The benchmarks for Tpch queries having the like operator and patterns optimized for in this PR are as follows:
| No. of rows | Query Number | With optimization PR (s) | Without optimization PR (s) | % Change |
|-------------|--------------|--------------------------|-----------------------------|----------|
| 1000 | 2 | 13.78 | 17.74 | 22.32 |
| | 14 | 11.95 | 12.49 | 4.32 |
| | 16 | 12.12 | 12.48 | 2.88 |
| | 20 | 11.97 | 12.57 | 4.77 |
| 2000 | 2 | 26.59 | 32.2 | 17.42 |
| | 14 | 23.1 | 23.72 | 2.61 |
| | 16 | 23.46 | 23.71 | 1.05 |
| | 20 | 23.28 | 23.36 | 0.34 |
| 4000 | 2 | 51.33 | 63.6 | 19.29 |
| | 14 | 46.09 | 47.32 | 2.6 |
| | 16 | 46.84 | 47.15 | 0.66 |
| | 20 | 46.09 | 46.56 | 1.01 |
| 8000 | 2 | 104.4 | 136.2 | 23.35 |
| | 14 | 91.8 | 95.4 | 3.77 |
| | 16 | 93 | 95.4 | 2.52 |
| | 20 | 92.4 | 94.2 | 1.91 |
Query 2 shows the most improvement in performance at ~20%. This is consistent with the Tpch benchmarks obtained with the earlier version of this PR, where query 2 and 9 had the most gains. Number of rows here is the vector size of the Tpch table generated with helper functions from TpchGen.cpp. It is better to have LikeConstantPattern templated on PatternKind as suggested earlier, instead of the switch case on patternKind in the match function:
| No. of rows | Query Number | With optimization PR (s) | Without optimization PR (s) | Without templated LikeConstantPattern (s) |
|-------------|--------------|--------------------------|-----------------------------|-------------------------------------------|
| 8000 | 2 | 104.4 | 136.2 | 109.8 |
| | 14 | 91.8 | 95.4 | 97.8 |
| | 16 | 93 | 95.4 | 100.2 |
| | 20 | 92.4 | 94.2 | 91.8 |
@pramodsatya Thank you for the update on the benchmarks.
This is consistent with the Tpch benchmarks obtained with the earlier version of this PR, where query 2 and 9 had the most gains.
The new results do not include q9. Any particular reason it is not included?

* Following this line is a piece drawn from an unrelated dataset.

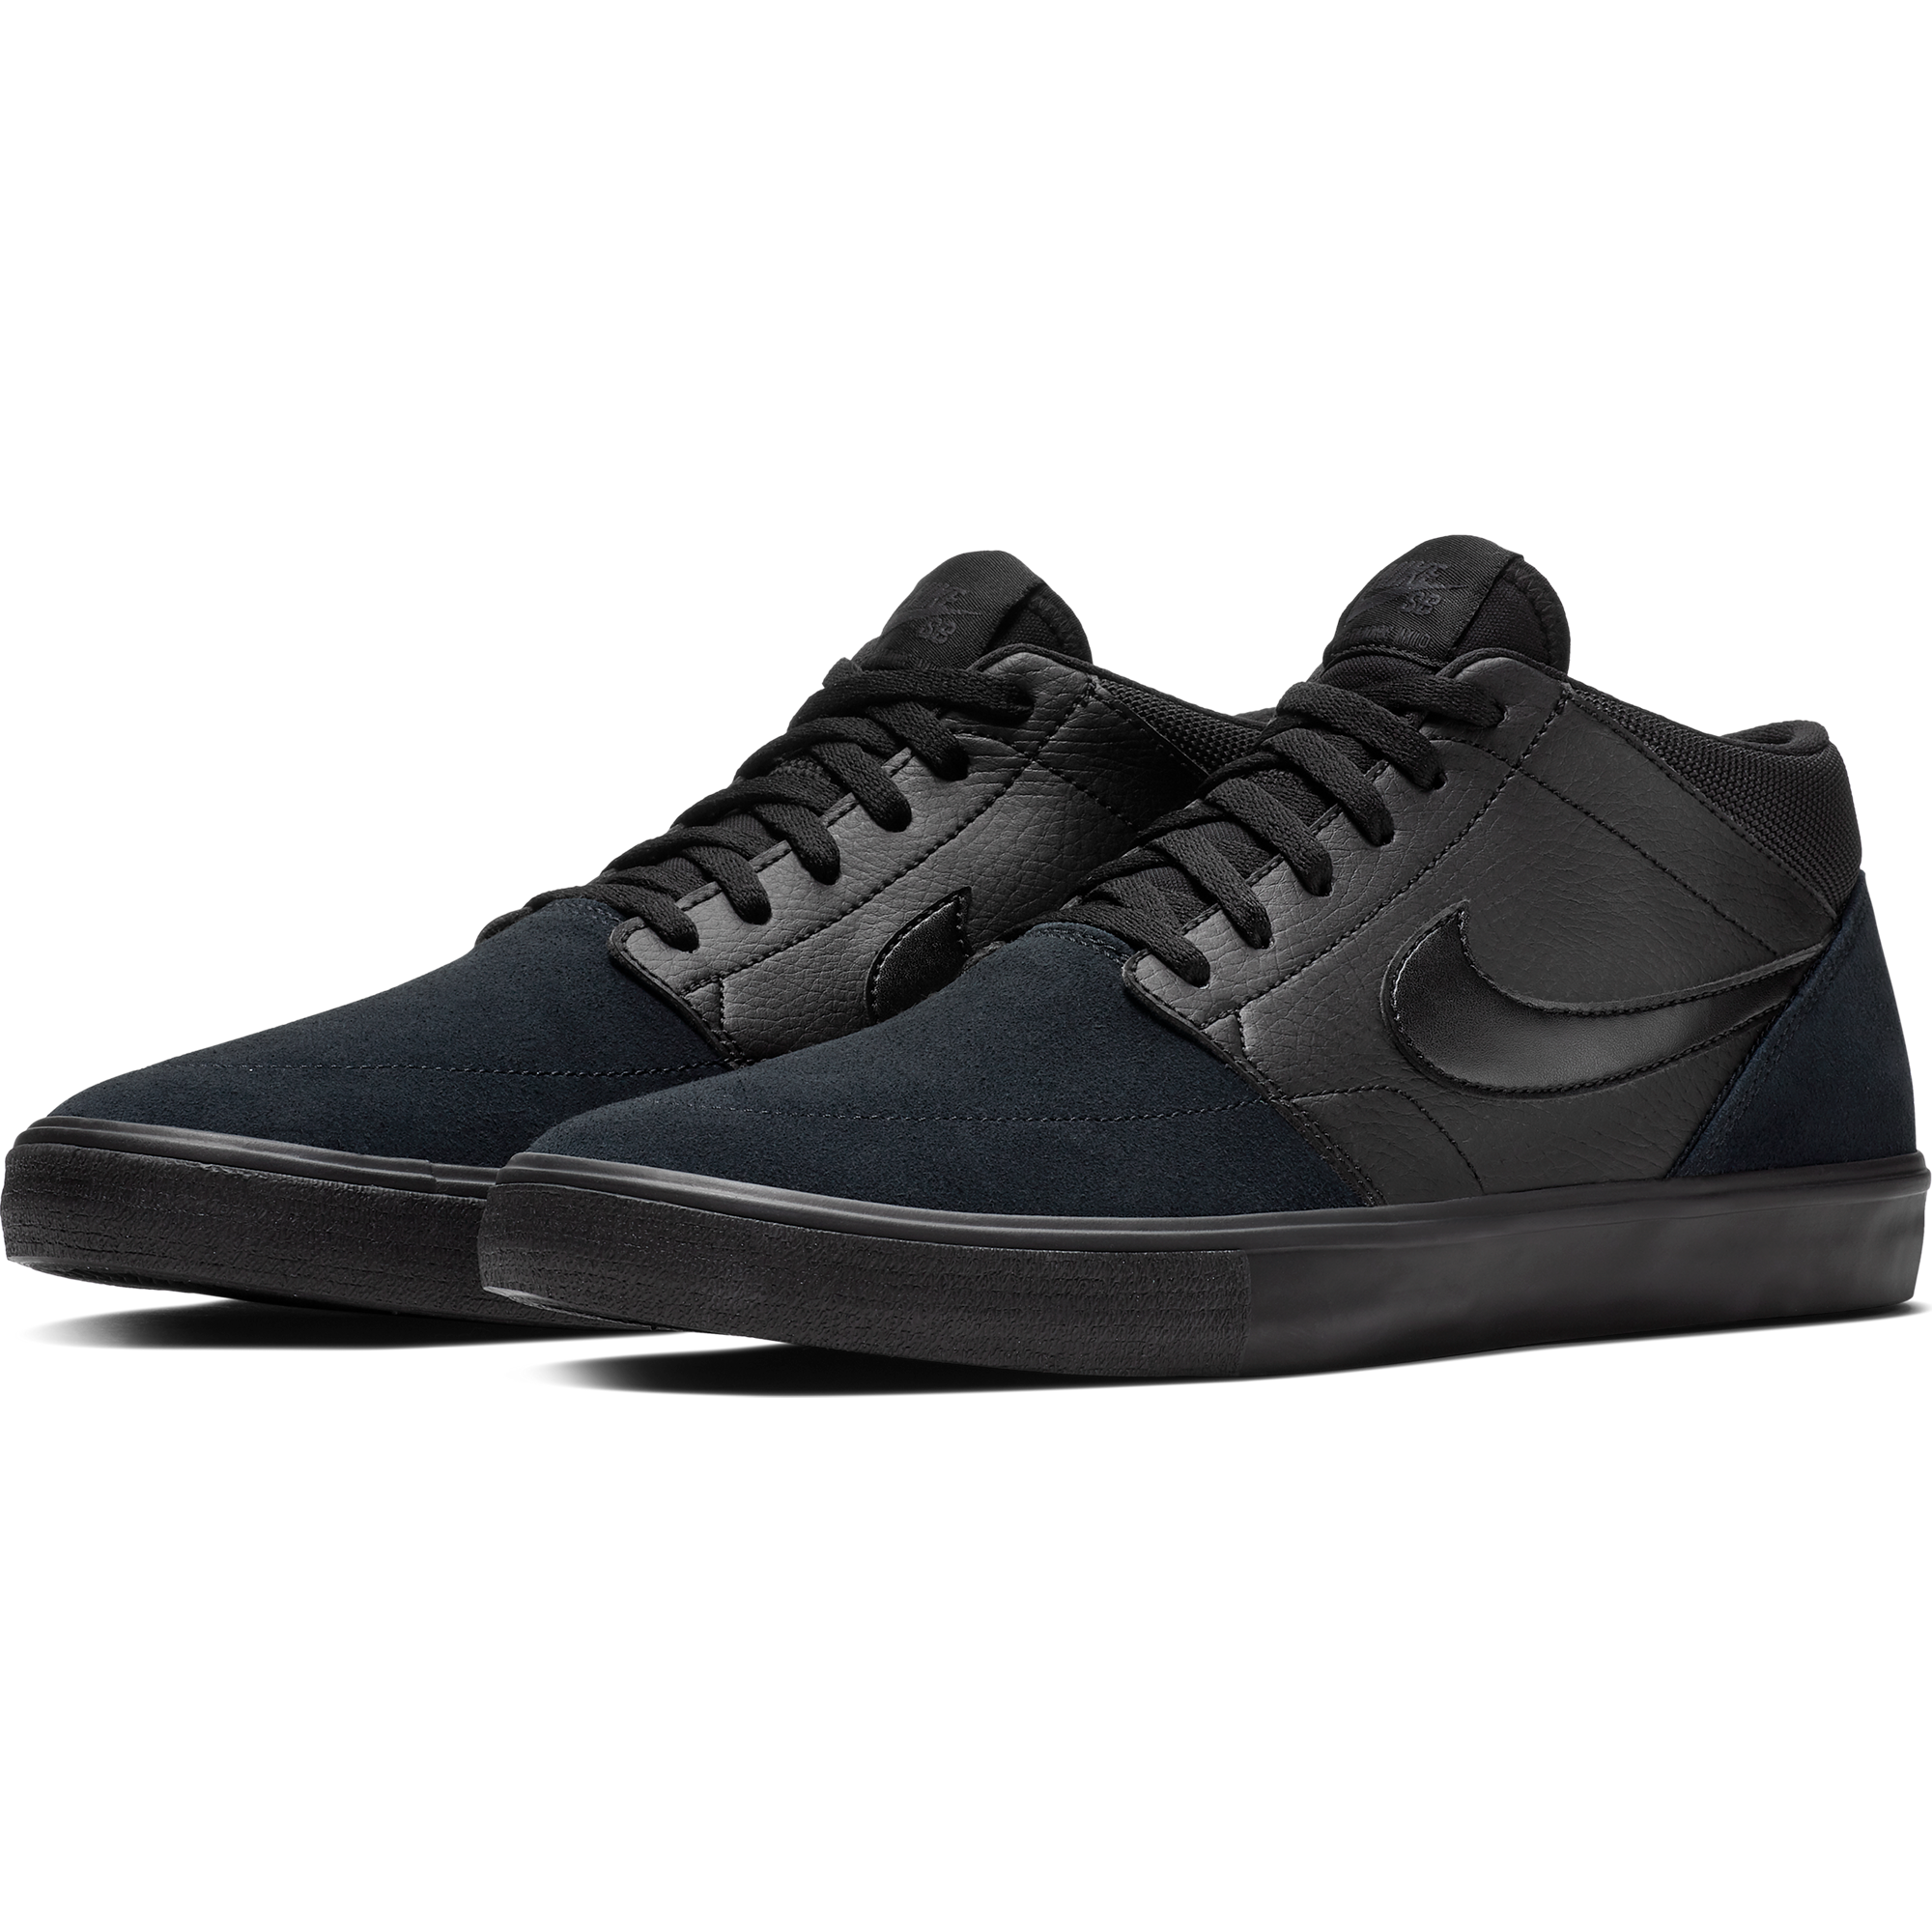 Nike SB Solarsoft Portmore II Mid - Black | Sneaks

Q9 is not included here because the pattern in Q9, '%green%', is not targeted in this PR. Patterns seen in Q9, Q13, Q16 ('%Customer%Complaints%') and Q20 are optimized for in #2453.
Thanks benchmarks looks good to me!
@laithsakka has imported this pull request. If you are a Meta employee, you can view this diff on Phabricator.
are numbers in the summary up to date? @pramodsatya
Hi @laithsakka, the numbers in summary are from the version where parsing of fmt::format("like(c0, '{}')", patternString) was not moved within the suspender block. I will update the numbers with the latest changes now. Thanks!
Updated numbers in the summary, please let me know if any further changes are needed, thanks!
@laithsakka has imported this pull request. If you are a Meta employee, you can view this diff on Phabricator.
Updated numbers in the summary, please let me know if any further changes are needed, thanks!
Thanks, the numbers look amazing!
@laithsakka has imported this pull request. If you are a Meta employee, you can view this diff on Phabricator.